**Brief:**
Pictures stay out of the copy; set down each line of the listing below exactly.

**The data:**
%%

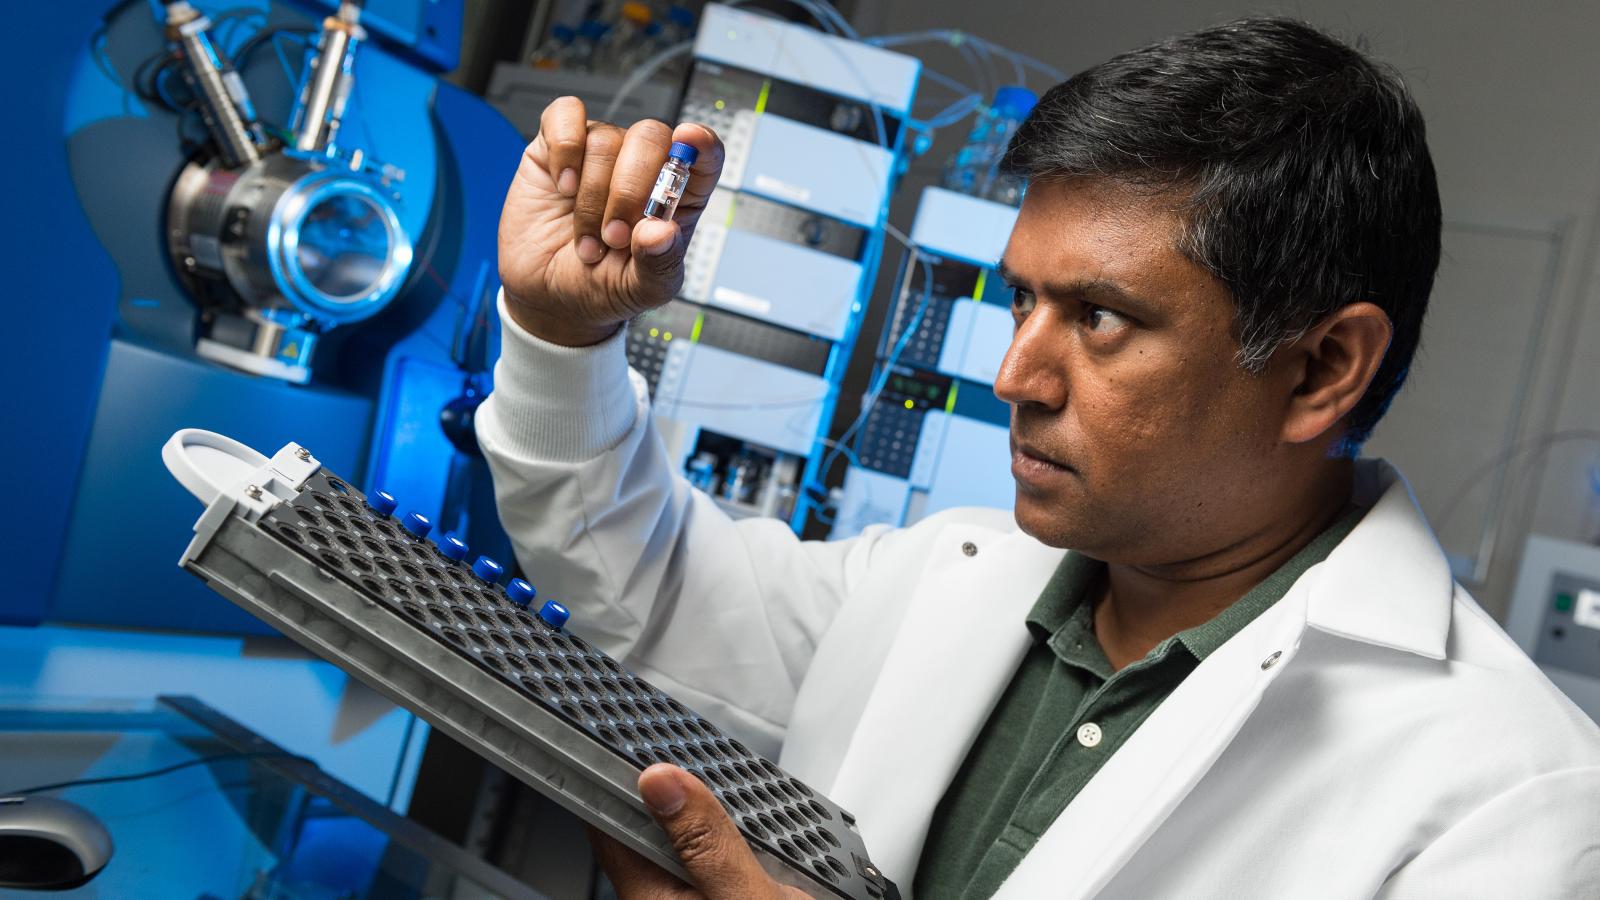 Dr. Wijesinghe examines a patient’s plasma sample extract before analyzing it with the chromatographic separation device and mass spectrometer on the MCV Campus at VCU Health. Photo: Kevin Schindler
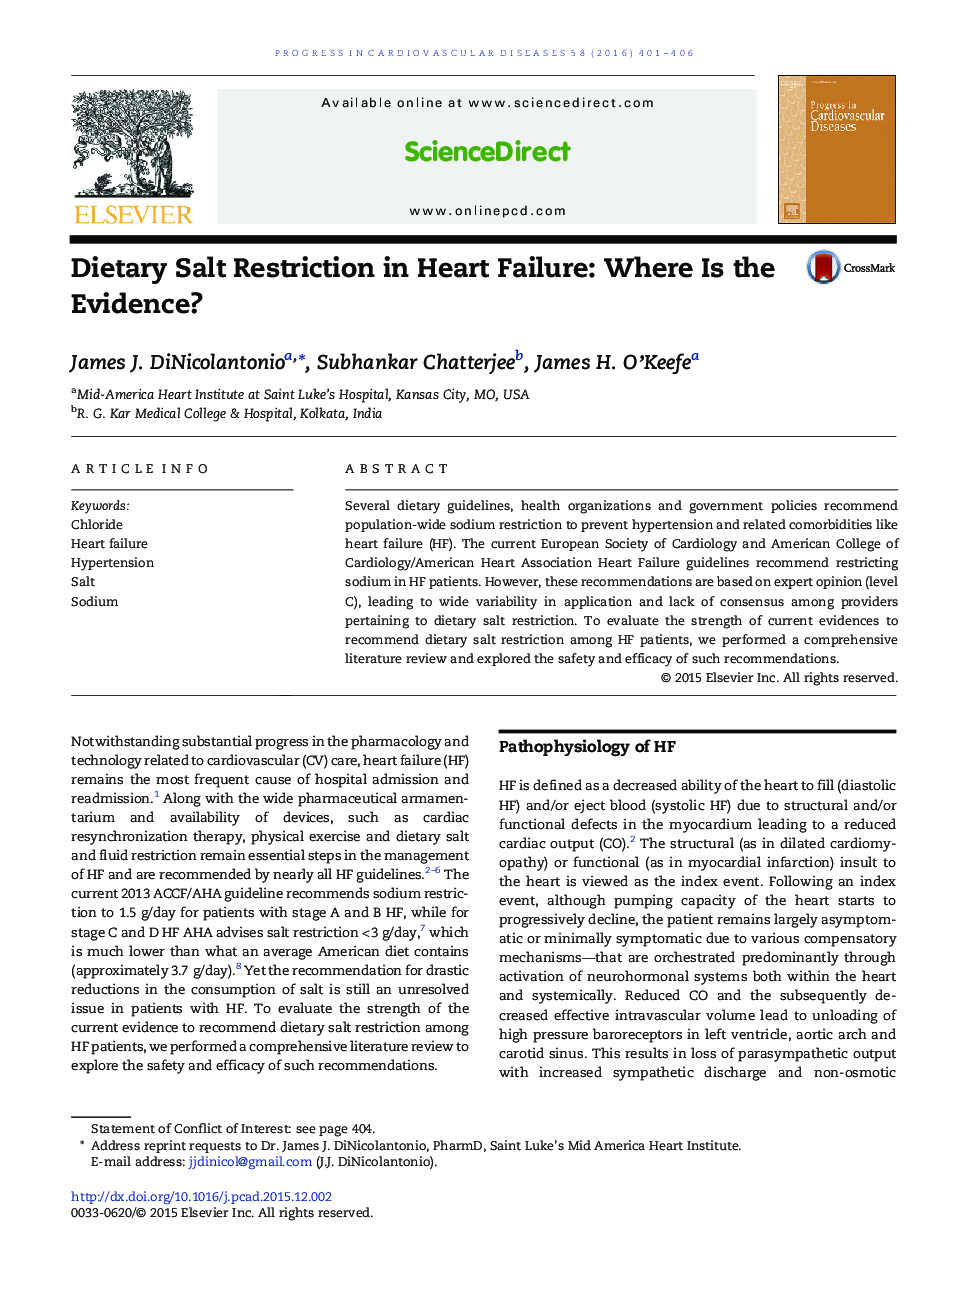 Dietary Salt Restriction in Heart Failure: Where Is the Evidence? 
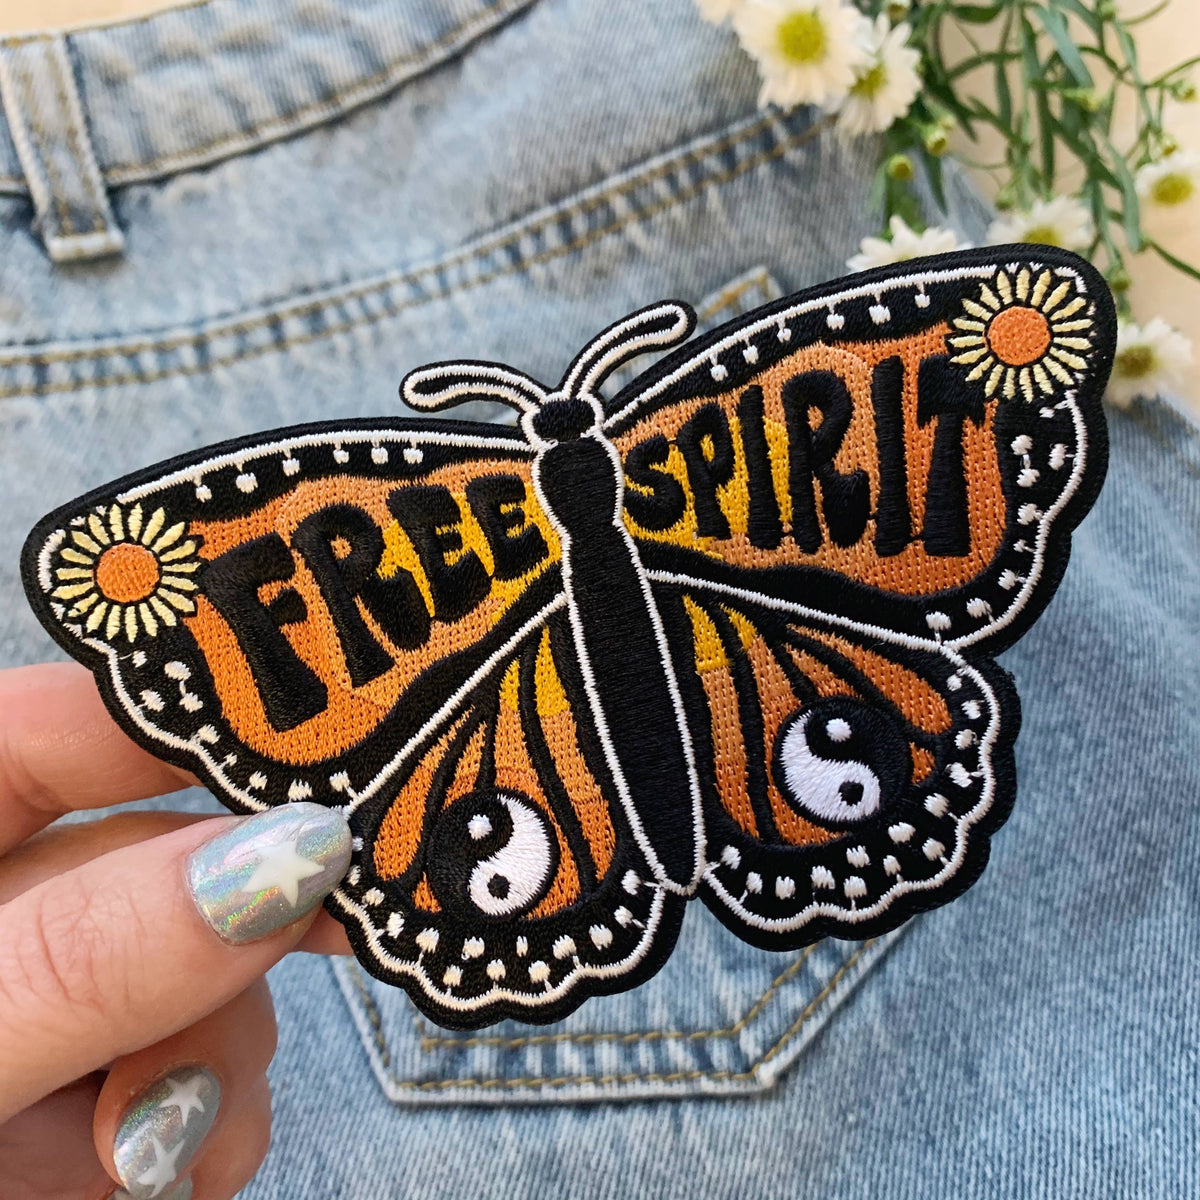 Patch - Butterfly Collection - Free Spirit Butterfly

%%

**Exercise solution:**
 Dr. Wijesinghe examines a patient’s plasma sample extract before analyzing it with the chromatographic separation device and mass spectrometer on the MCV Campus at VCU Health. Photo: Kevin Schindler
 Dietary Salt Restriction in Heart Failure: Where Is the Evidence? 
 Patch - Butterfly Collection - Free Spirit Butterfly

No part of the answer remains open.